As I understand it, the RHS has a concrete type which the compiler doesn't consider compatible with the enum I'm trying to assign into?
Am I just missing some syntax here or having state transitions in a state machine which uses generics is simply not possible?

impl<T> SM<T> means that this is a generic impl for all types T. Now of course not every type is String, so you can't assign a String to a place of type T. For example, consider what would happen if you instantiated a state machine of type SM<u32>. What should the compiler do when you try to assign a String to a u32?

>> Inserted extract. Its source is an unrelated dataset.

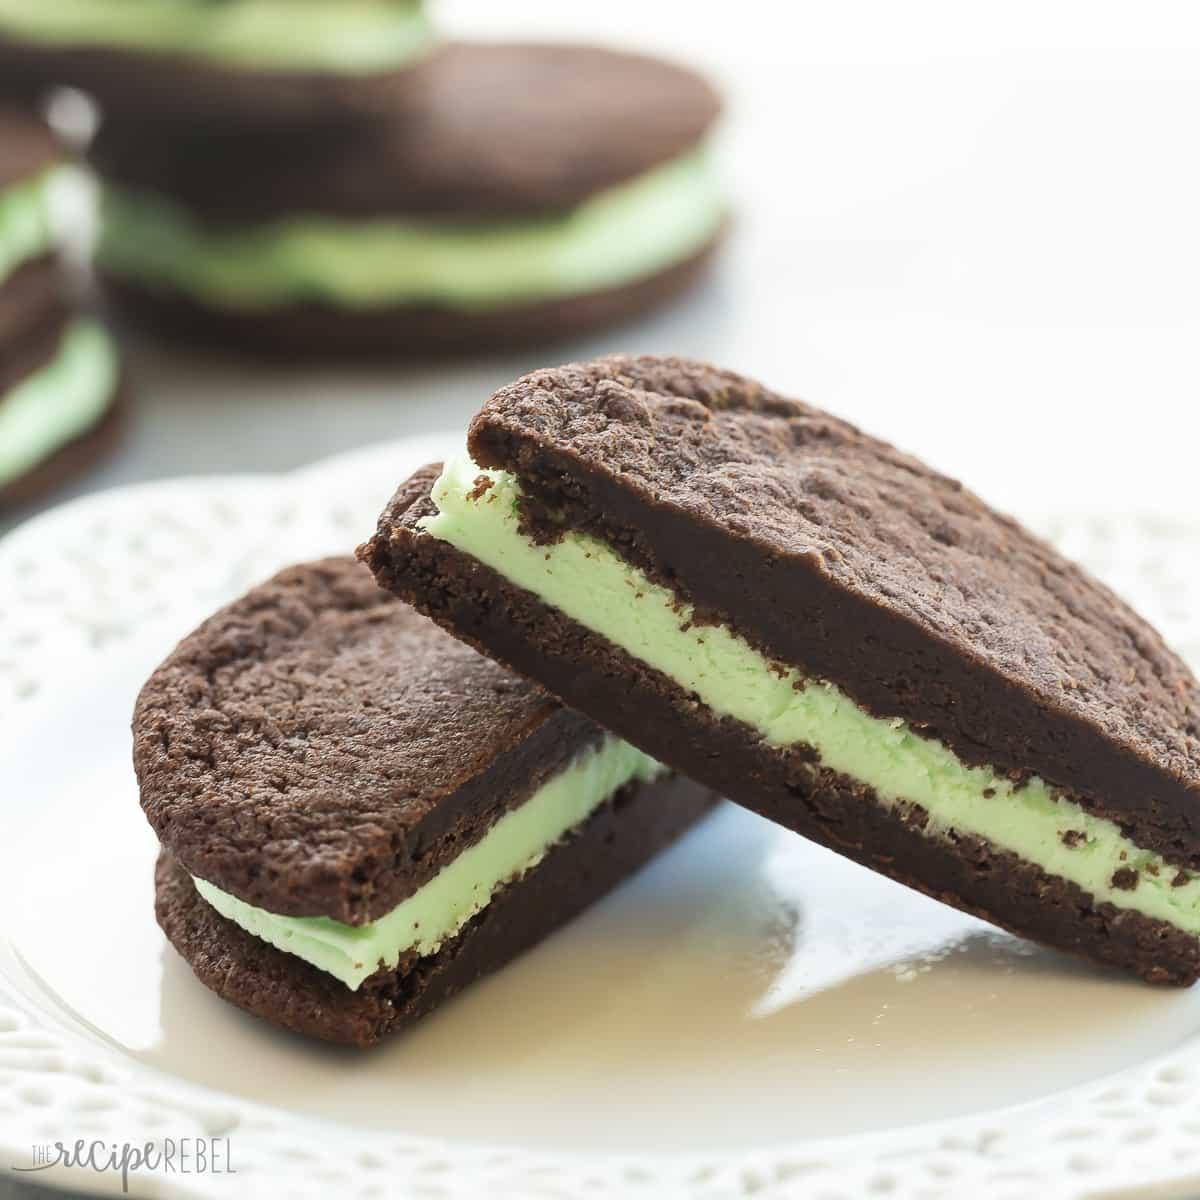 Homemade Mint Chocolate Oreos (sandwich Cookies)

Did you mean impl SM<String> instead?

2 Likes

Or, alternatively, do you want to be able to store arbitrary Debug types?

enum SM {
    State0,
    State1(Box<dyn Debug>)
}

impl SM {
    fn advance(&mut self) {
        match *self {
            SM::State0 => {
                let new_state = SM::State1(Box::new("hello"));
                *self = new_state;
            }
            SM::State1(label) => println!("{:?}", label),
        }
    }
}

Or:

pub enum SM {
    State0,
    State1(Box<dyn Debug>),
    
    /// Panic occurred during processing
    Poisoned,
}

impl SM {
    pub fn advance(&mut self) {
        *self = match std::mem::replace(self, SM::Poisoned) {
            SM::Poisoned      => unreachable!(),
            SM::State0        => SM::State1(Box::new("hello")),
            SM::State1(label) => {
                println!("{:?}", label);
                SM::State1(label)
            },
        }
    }
}
2 Likes

Thanks,
so IIUC in cases where the generic is some "unrepresentable" type (like e.g. a Future), where I can only speak of such type through a trait, using a Box<dyn {trait}> would be the only way right?

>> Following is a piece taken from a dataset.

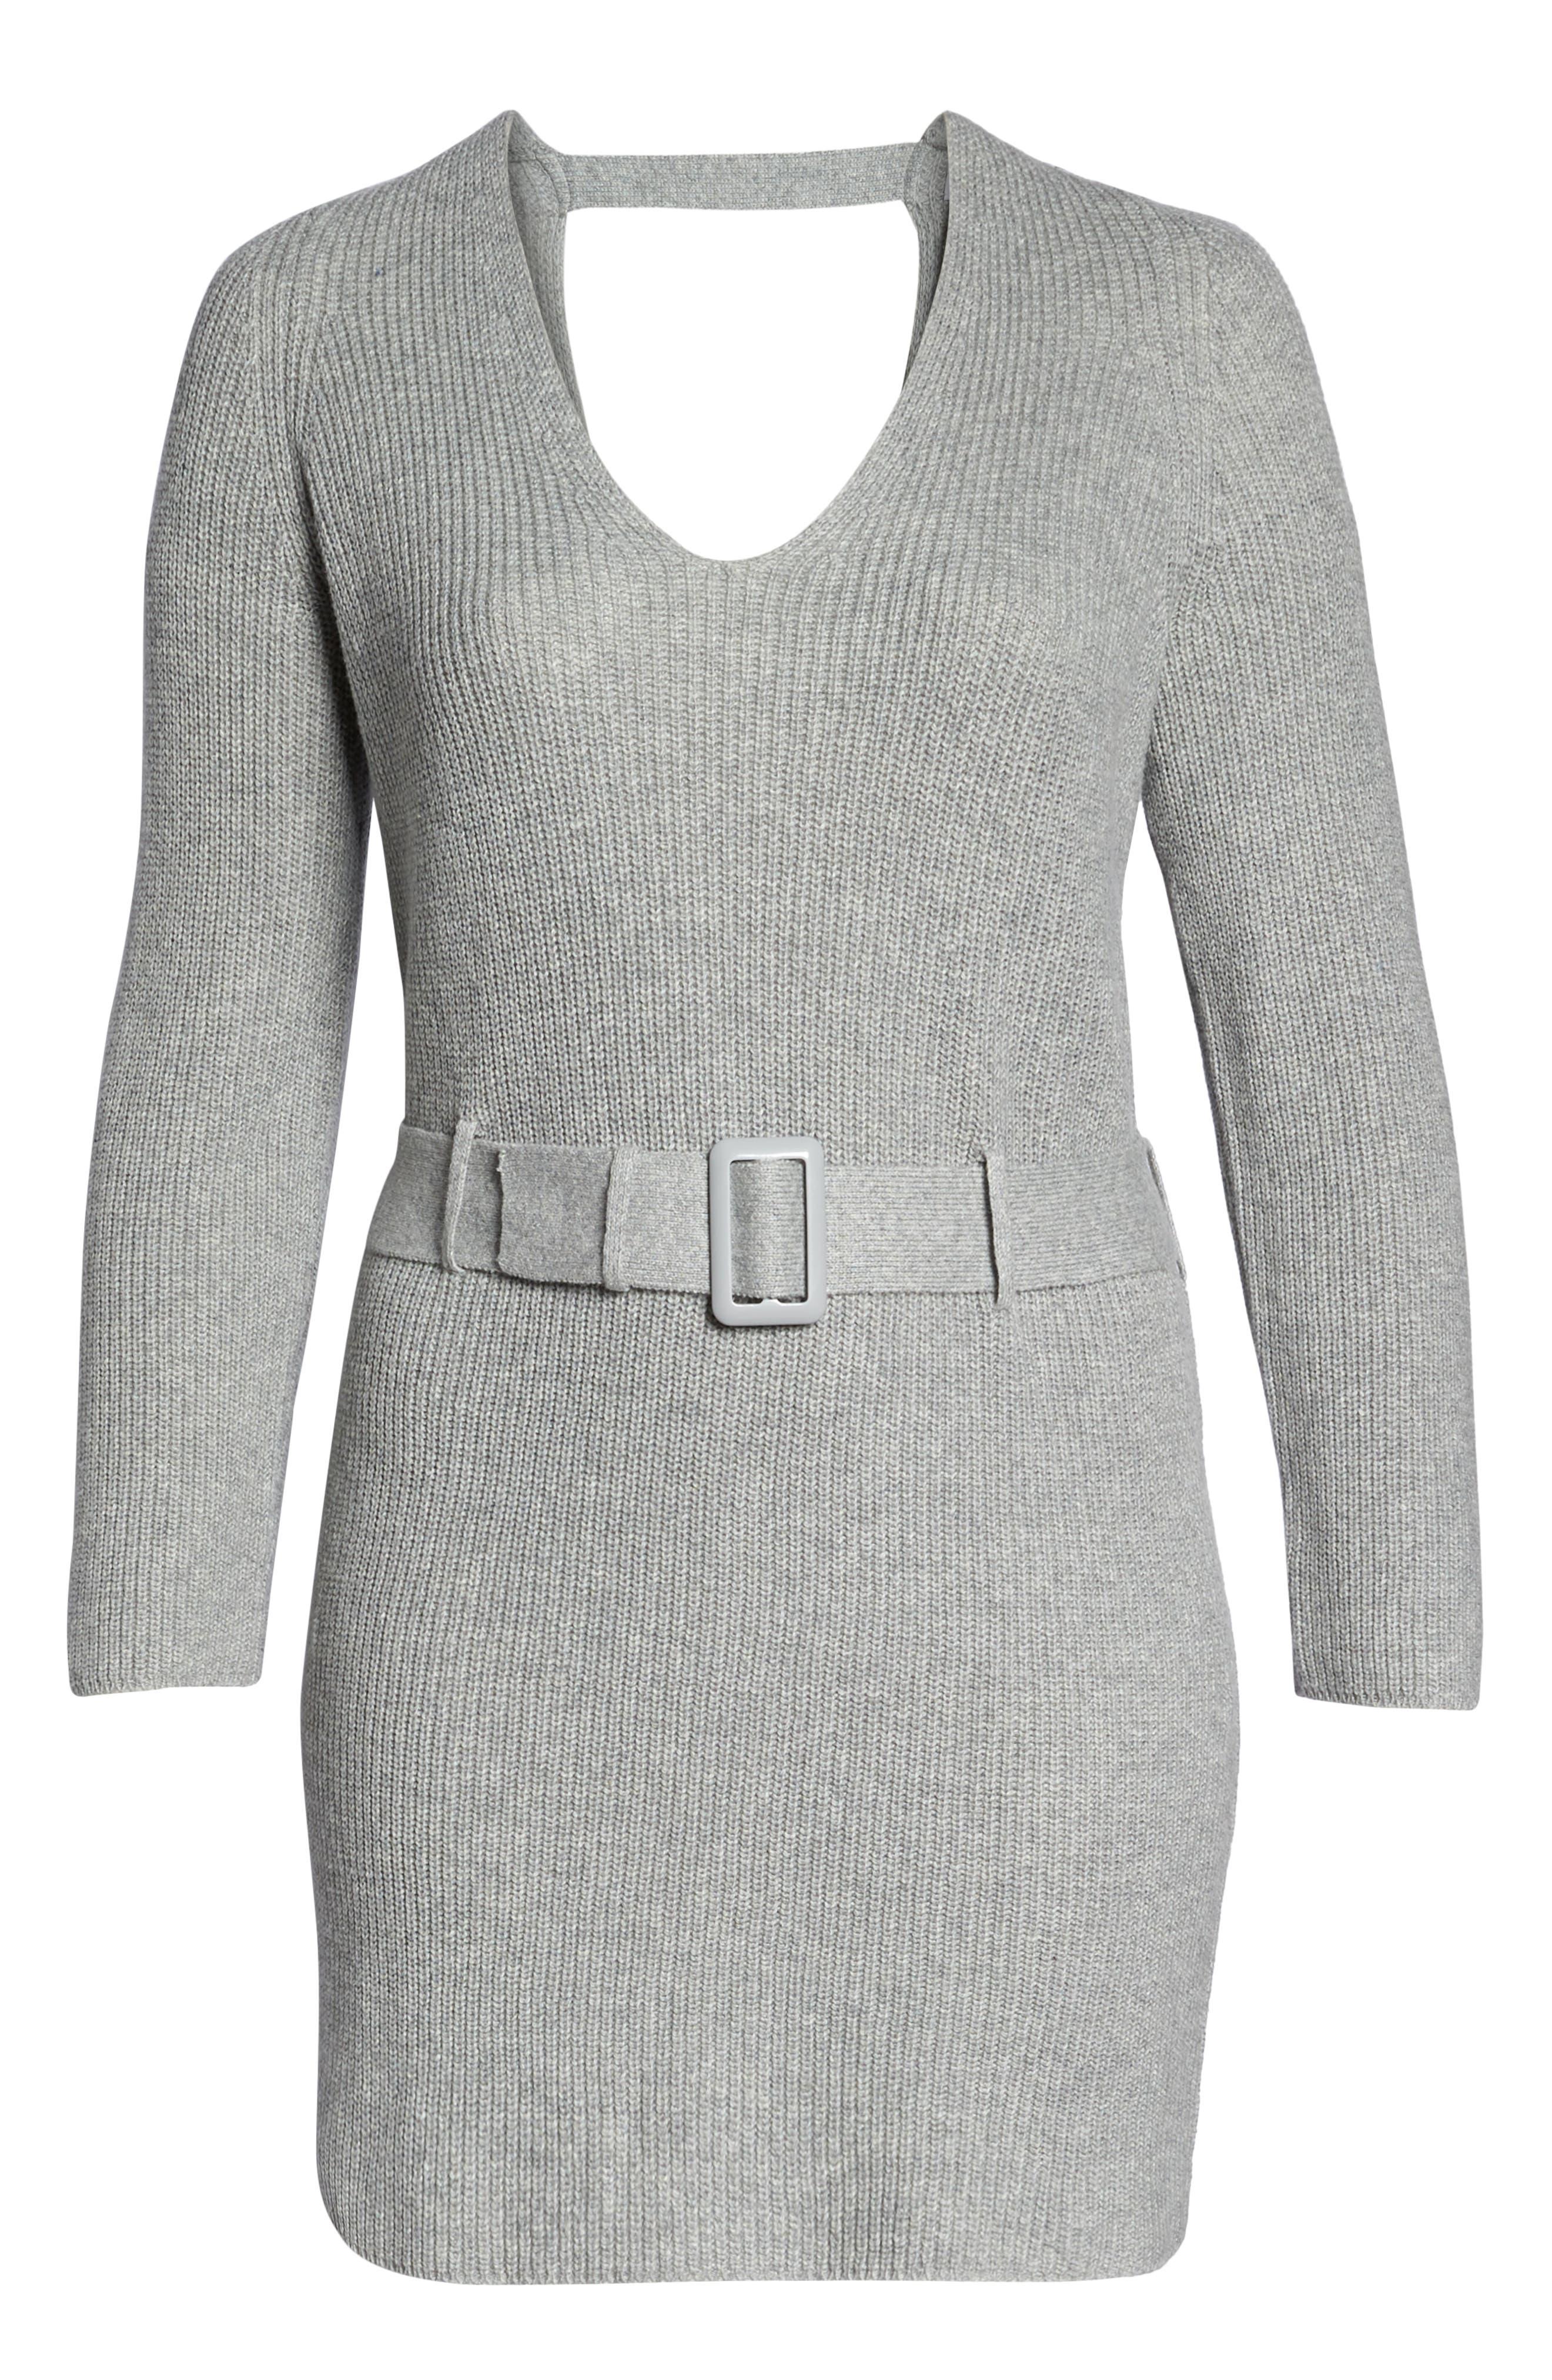 Belted Sweater Dress,                             Alternate thumbnail 7, color,                             GREY MEDIUM HEATHER

No. You can make the code generic, but you have to find a way that produces a value of that generic type, not just a String. (Eg. use Default::default). Playground.

2 Likes

I see, but still in a case like the following

async fn returns_some_future() {...}

enum SM<F> {
    State0,
    State1(F),
}

impl<F> SM<F>
where
    F: Future,
{
    fn advance(&mut self) {
        match *self {
            SM::State0 => {
                
                // No way to express new_state in terms of a value of the generic type,
                // since this is a type only known to the compiler
                let new_state = SM::State1(return_some_future());
                 
                *self = new_state; // Error
            }
            SM::State1(future) => ...,
        }
    }
}

I think there's no way to keep this generic since I have no other way to speak of the type returned by returns_some_future other than through the Future trait?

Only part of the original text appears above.